Code Needs Comments: Enhancing Code LLMs with Comment Augmentation
Demin Song, Honglin Guo, Yunhua Zhou, Shuhao Xing, Yudong Wang, Zifan Song, Wenwei Zhang, Qipeng Guo, Hang Yan, Xipeng Qiu, Dahua Lin
TL;DR
This work investigates how NL code alignment is affected by comment density in pre training data and proposes a self supervised data augmentation pipeline that generates and filters code comments to enrich NL aligned code data. By instruction tuning a comment generator and applying constrained, line by line generation with explicit and implicit filtering, the authors build a self augmentation loop that improves multiple code focused LLMs. Experiments on several models and datasets show that higher comment density in training data yields consistent gains on standard code skill benchmarks and that the augmented data can transfer to other models.

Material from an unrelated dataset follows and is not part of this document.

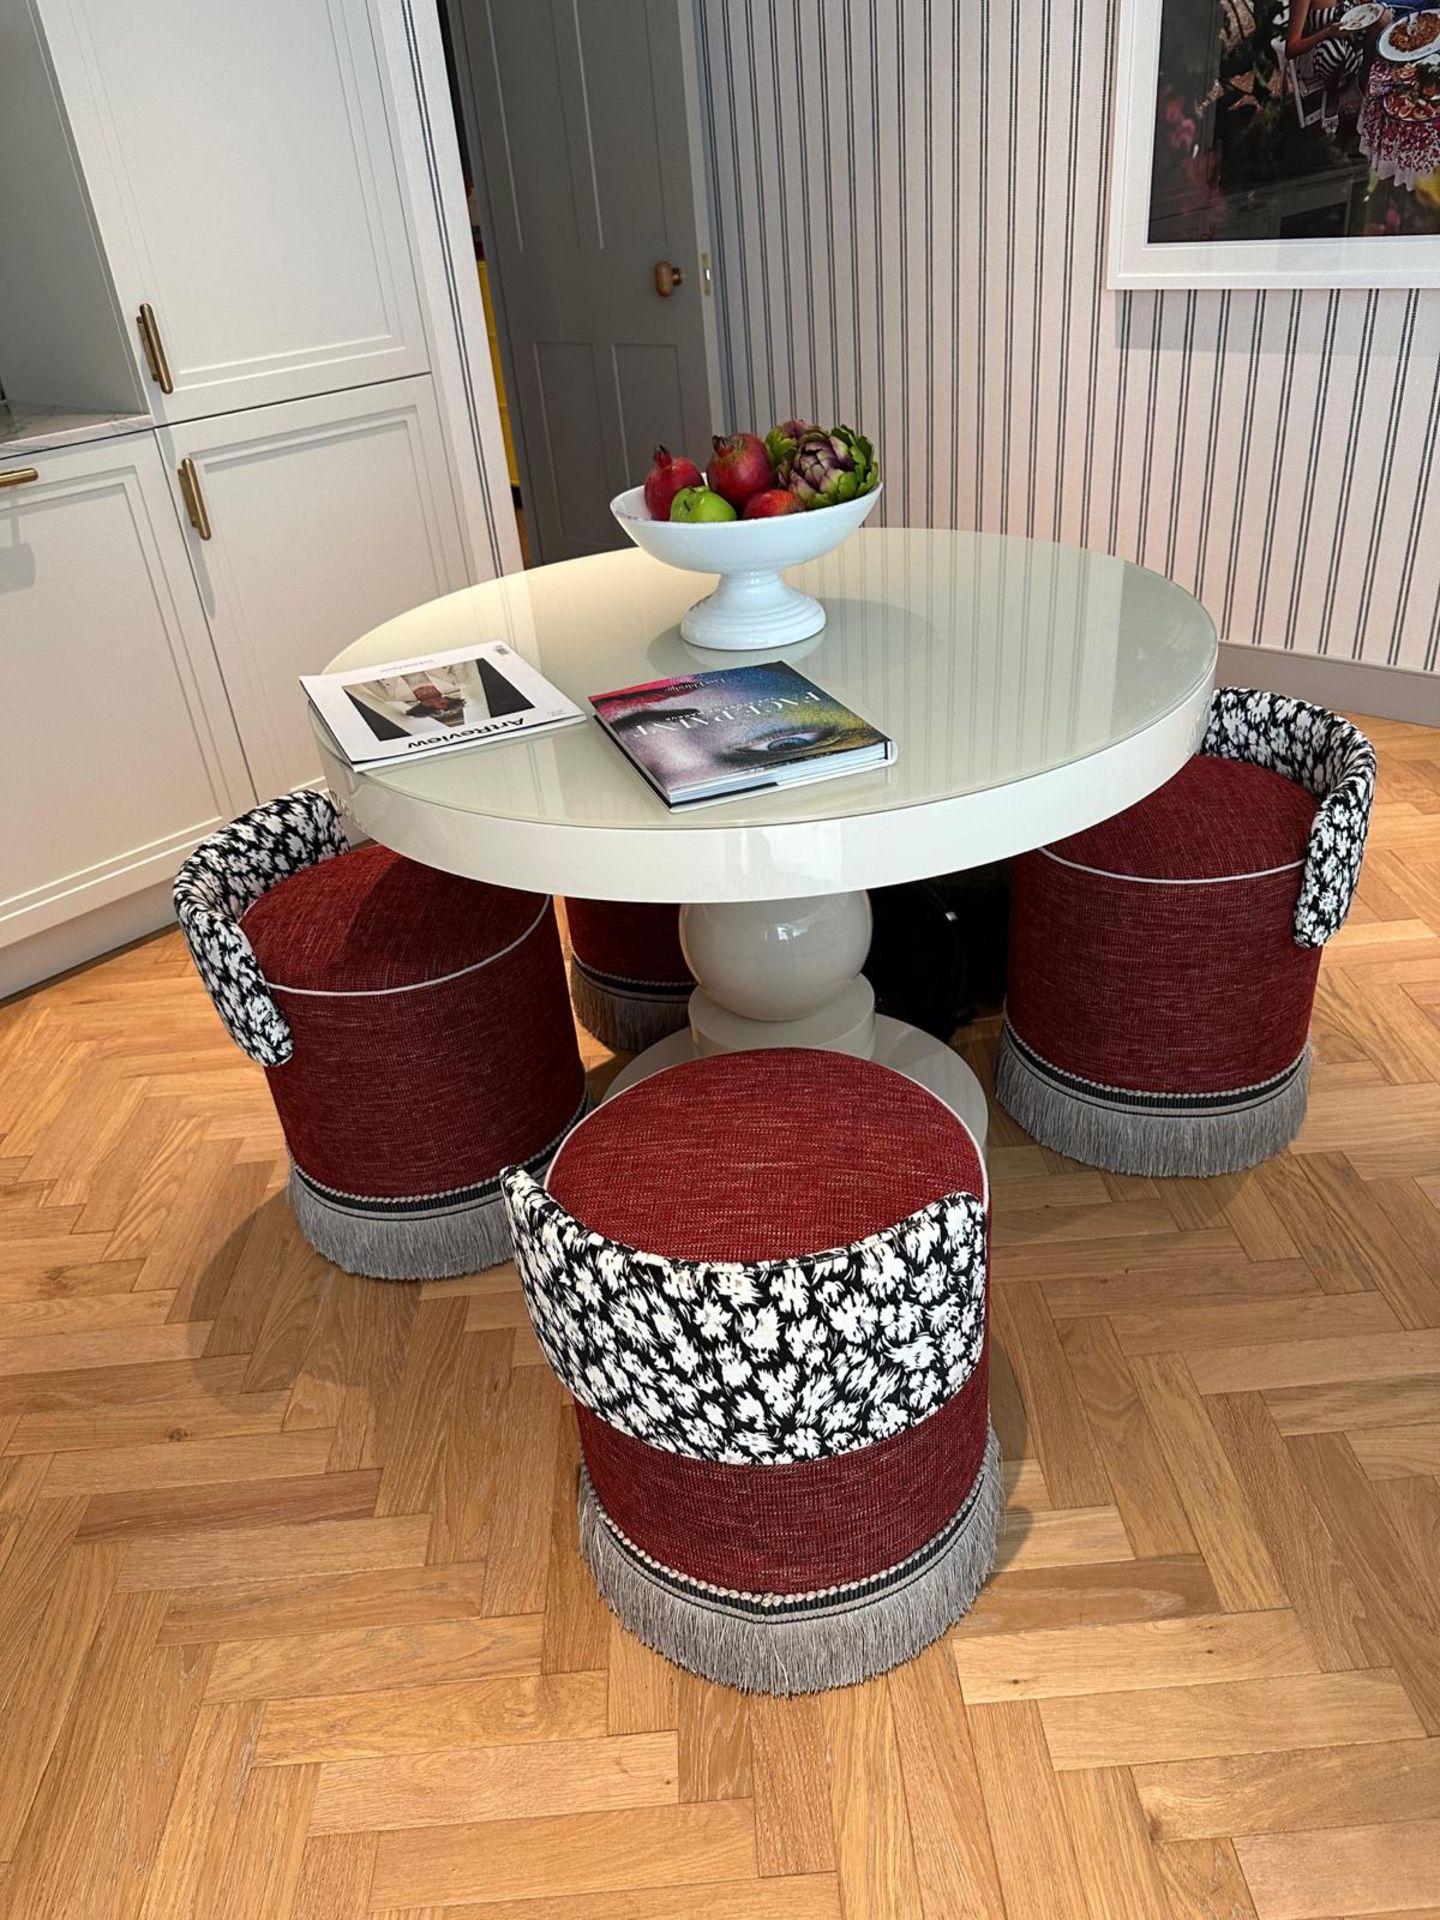 A Set Of 4 Retro-Style Upholstered Signature Pouf Chairs - The Ultimate Dining Seats! With A - Image 2 of 5

The approach demonstrates a scalable pathway for code LLMs to self improve by leveraging NL aligned comments, with practical implications for efficiency and data quality in pre training pipelines.
Abstract
The programming skill is one crucial ability for Large Language Models (LLMs), necessitating a deep understanding of programming languages (PLs) and their correlation with natural languages (NLs). We examine the impact of pre-training data on code-focused LLMs' performance by assessing the comment density as a measure of PL-NL alignment. Given the scarcity of code-comment aligned data in pre-training corpora, we introduce a novel data augmentation method that generates comments for existing code, coupled with a data filtering strategy that filters out code data poorly correlated with natural language. We conducted experiments on three code-focused LLMs and observed consistent improvements in performance on two widely-used programming skill benchmarks. Notably, the model trained on the augmented data outperformed both the model used for generating comments and the model further trained on the data without augmentation.